▶ [Problem statement] Find, in the records below, the line that contains "Máy chiếu Infocus" and the line that contains "Matcha bowl /". Copy those two lines and everything between them exactly, but not the pictures.

▶ [Data section]

_____

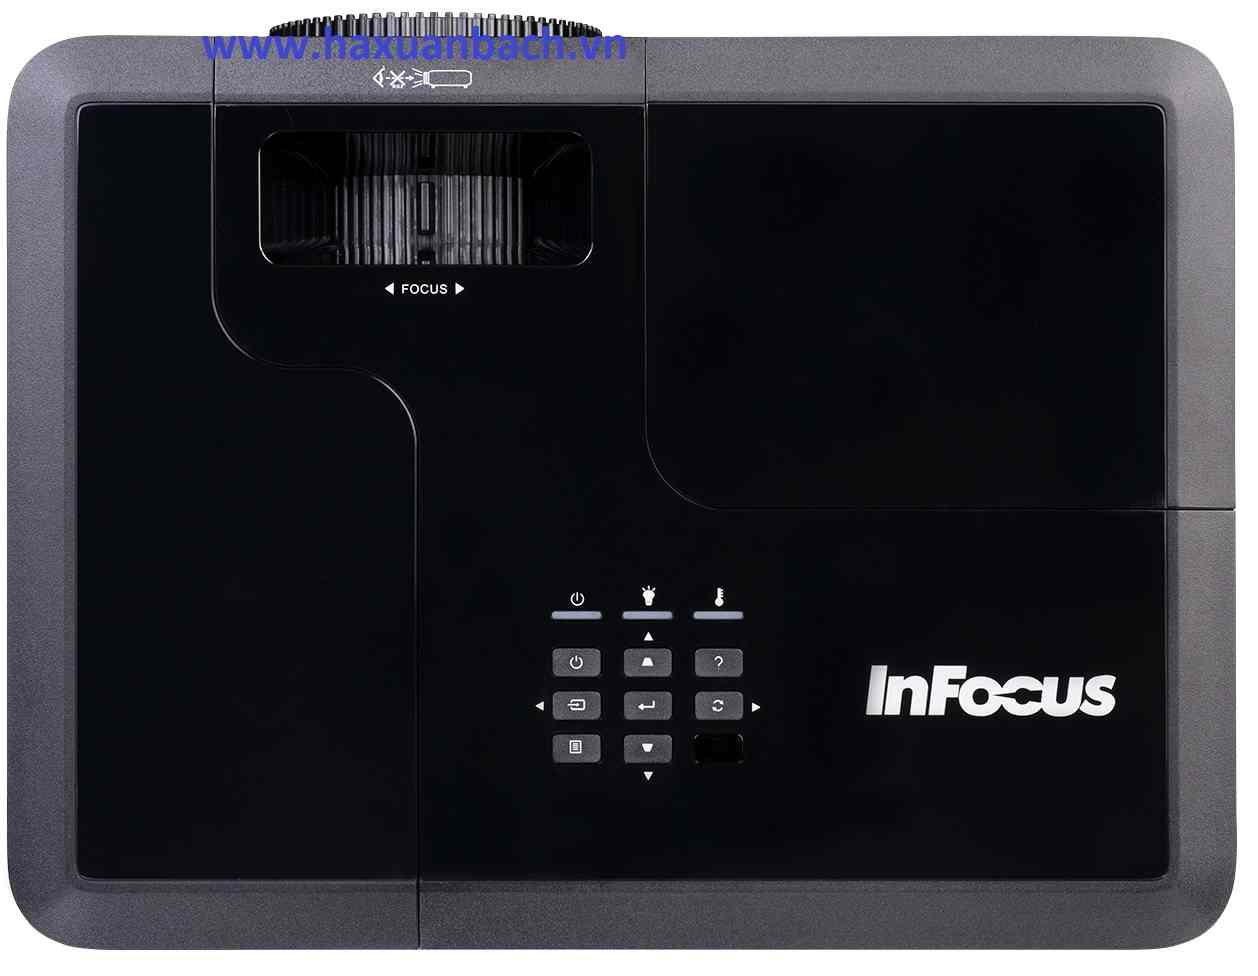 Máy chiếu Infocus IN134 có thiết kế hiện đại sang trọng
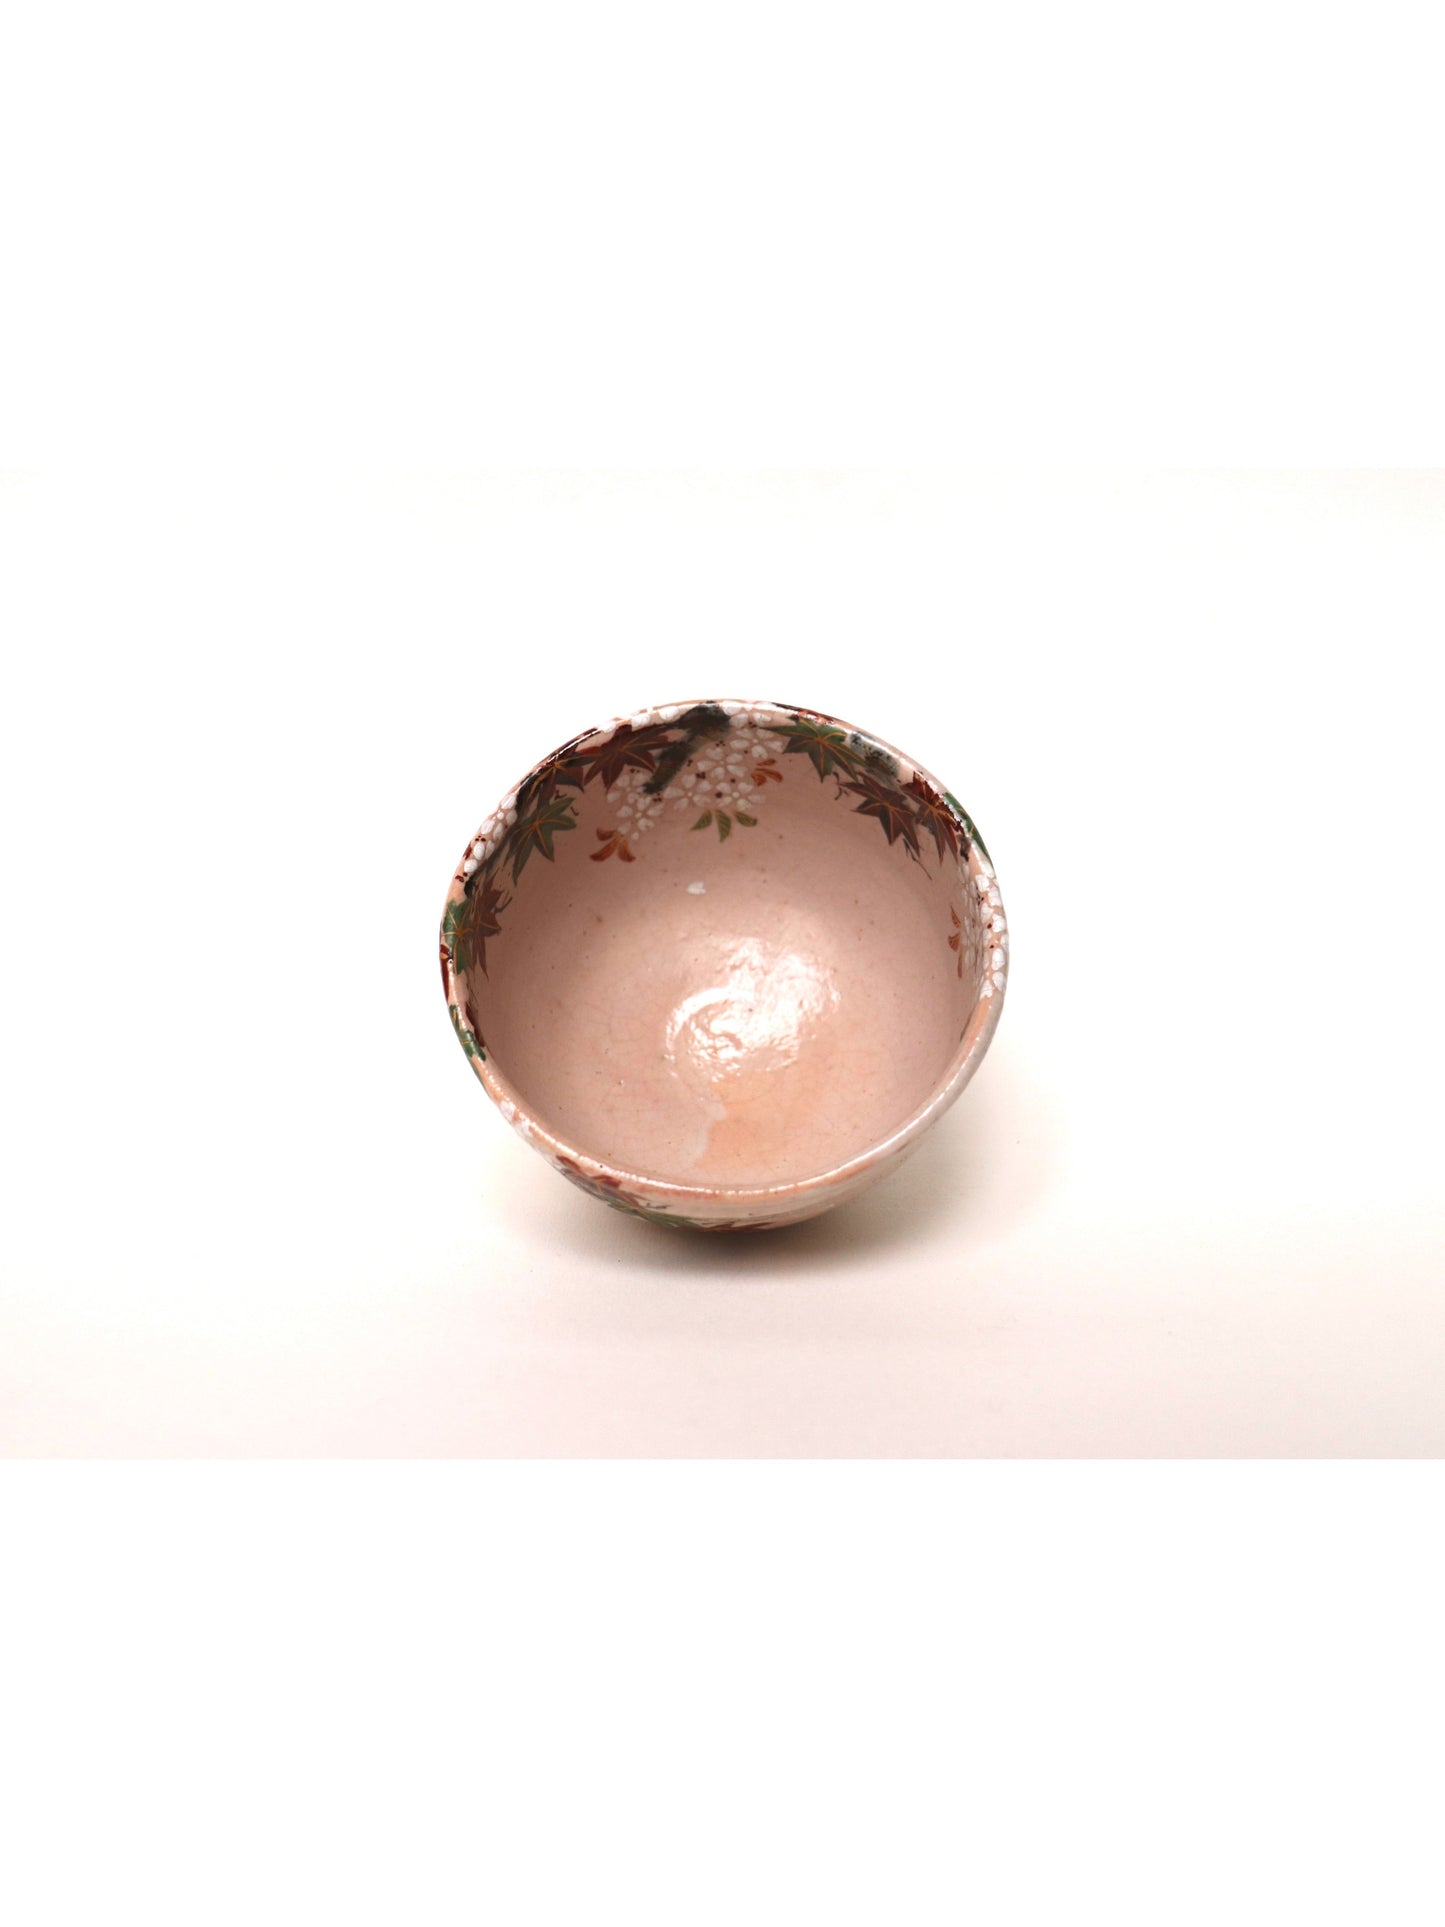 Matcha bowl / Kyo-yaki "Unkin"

_____

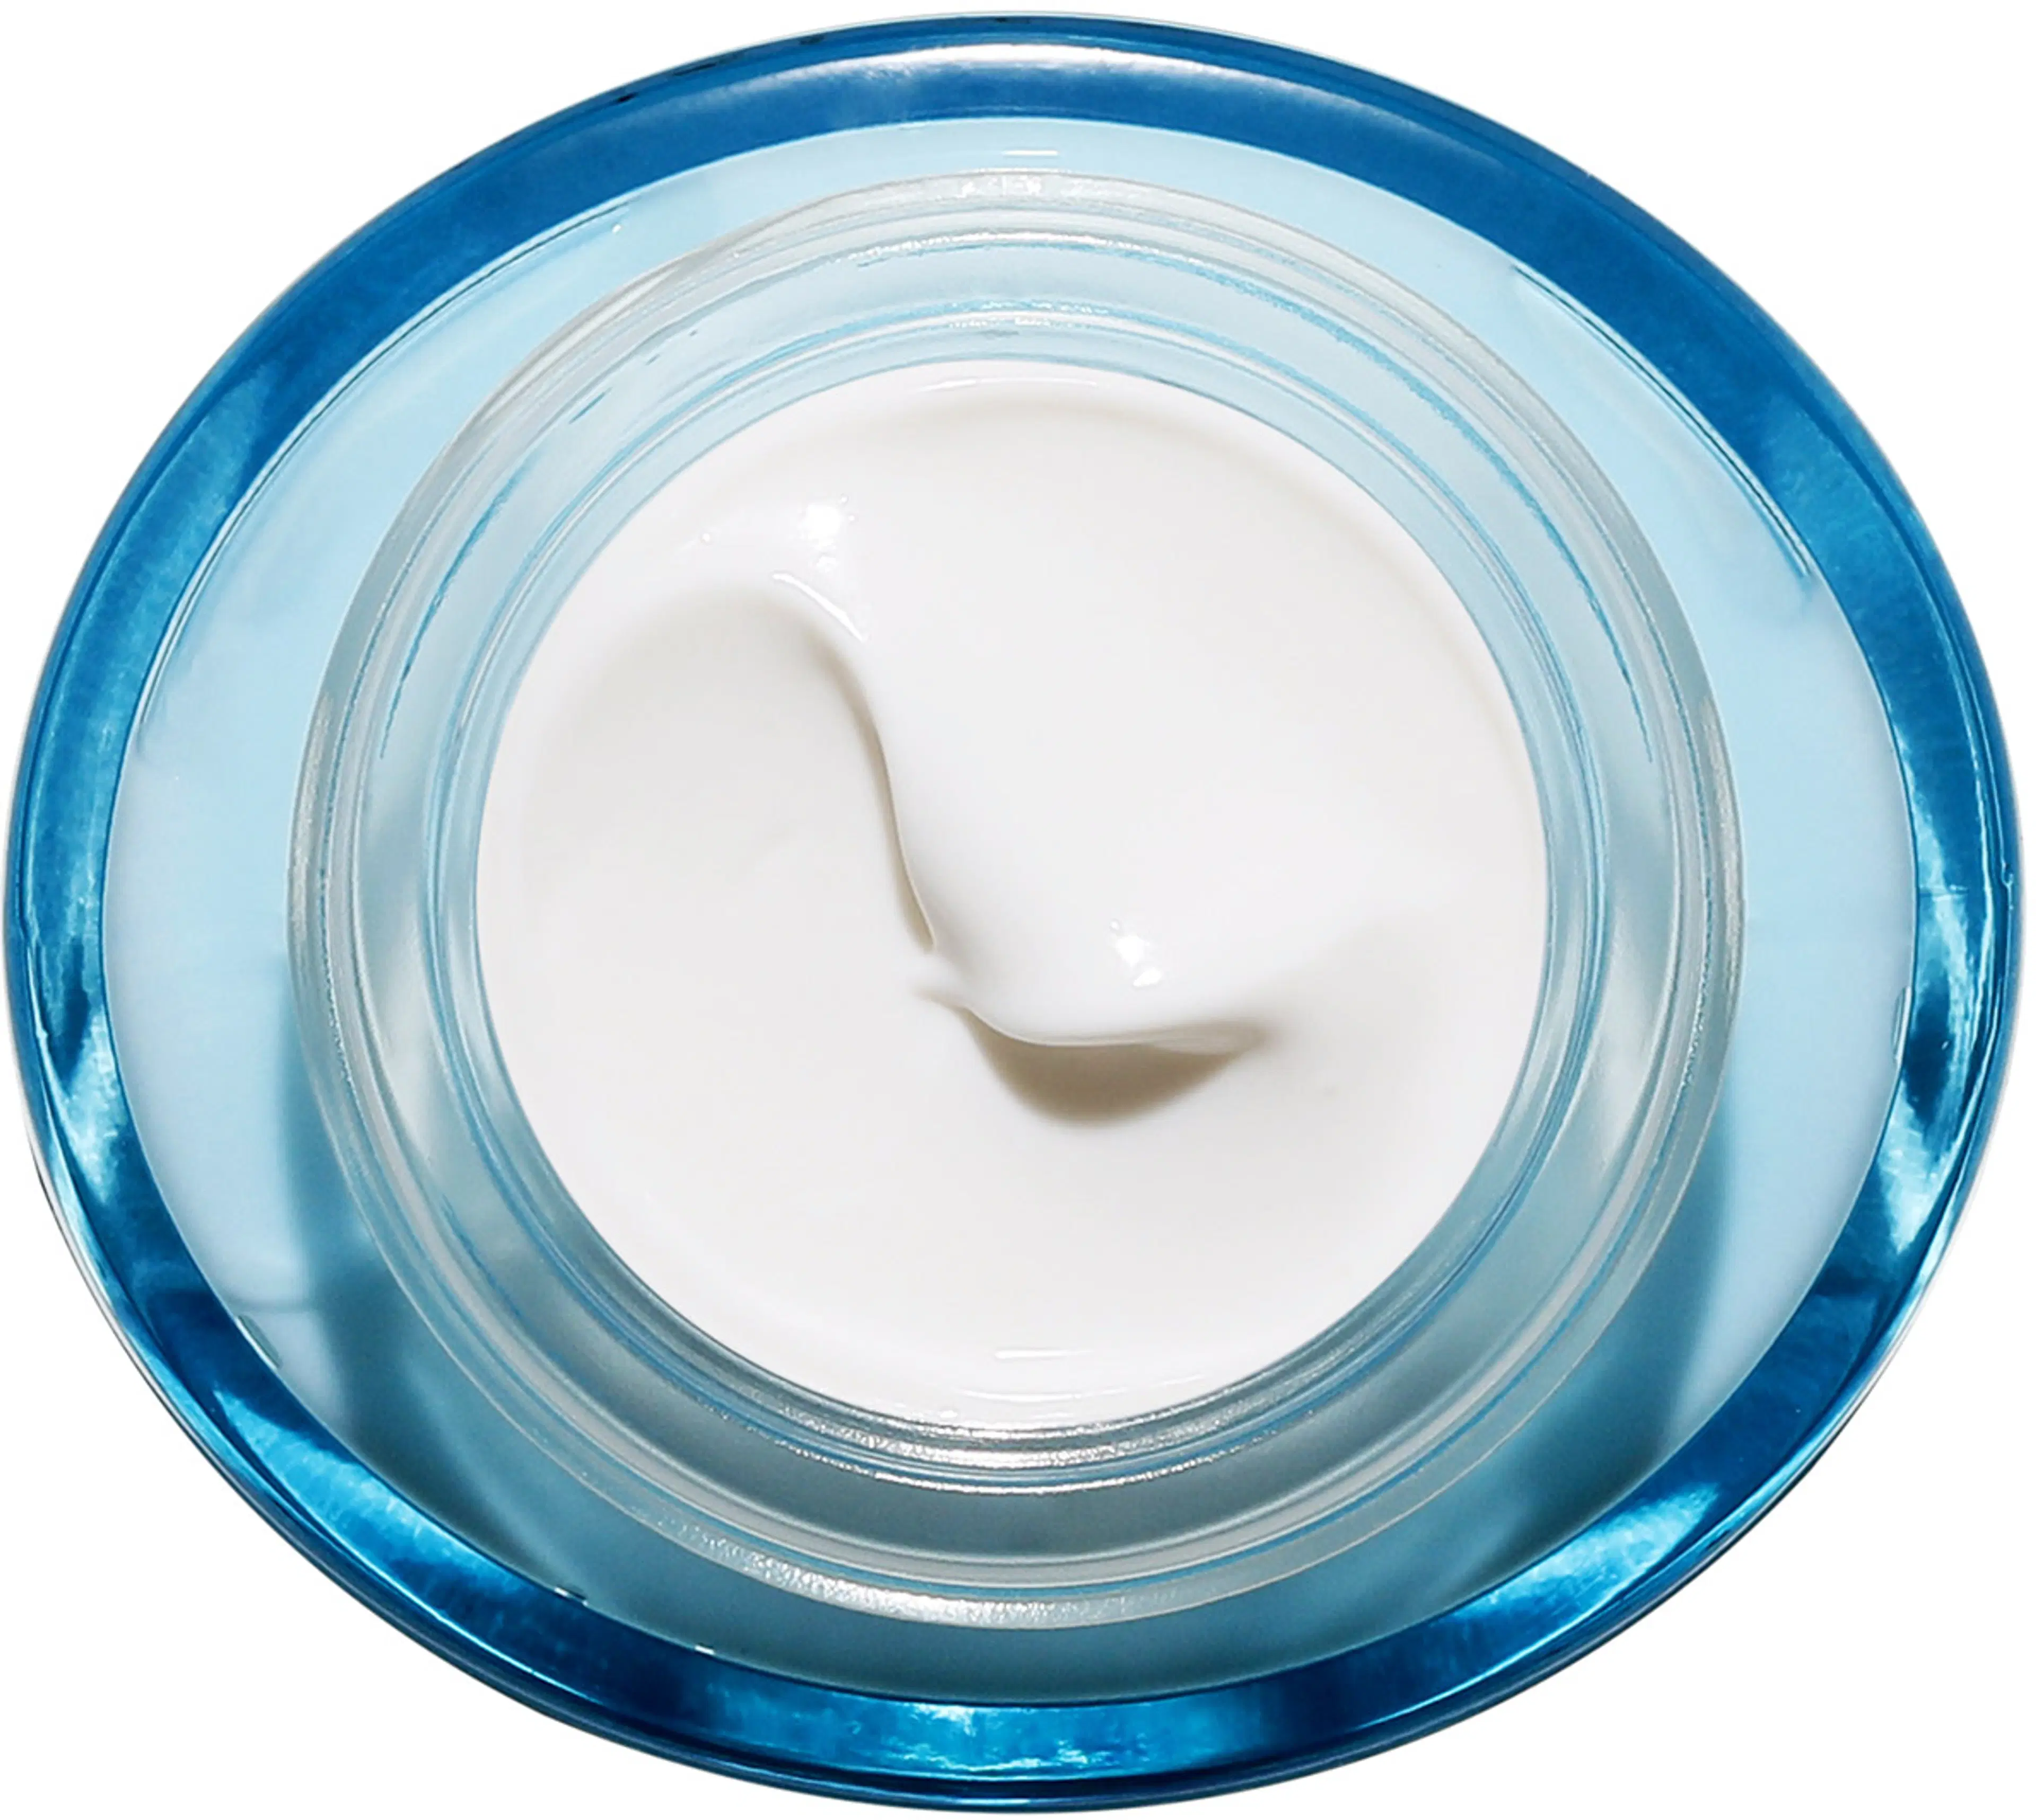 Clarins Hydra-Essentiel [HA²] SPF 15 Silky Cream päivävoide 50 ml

_____

▶ [Solution]
 Máy chiếu Infocus IN134 có thiết kế hiện đại sang trọng
 Matcha bowl / Kyo-yaki "Unkin"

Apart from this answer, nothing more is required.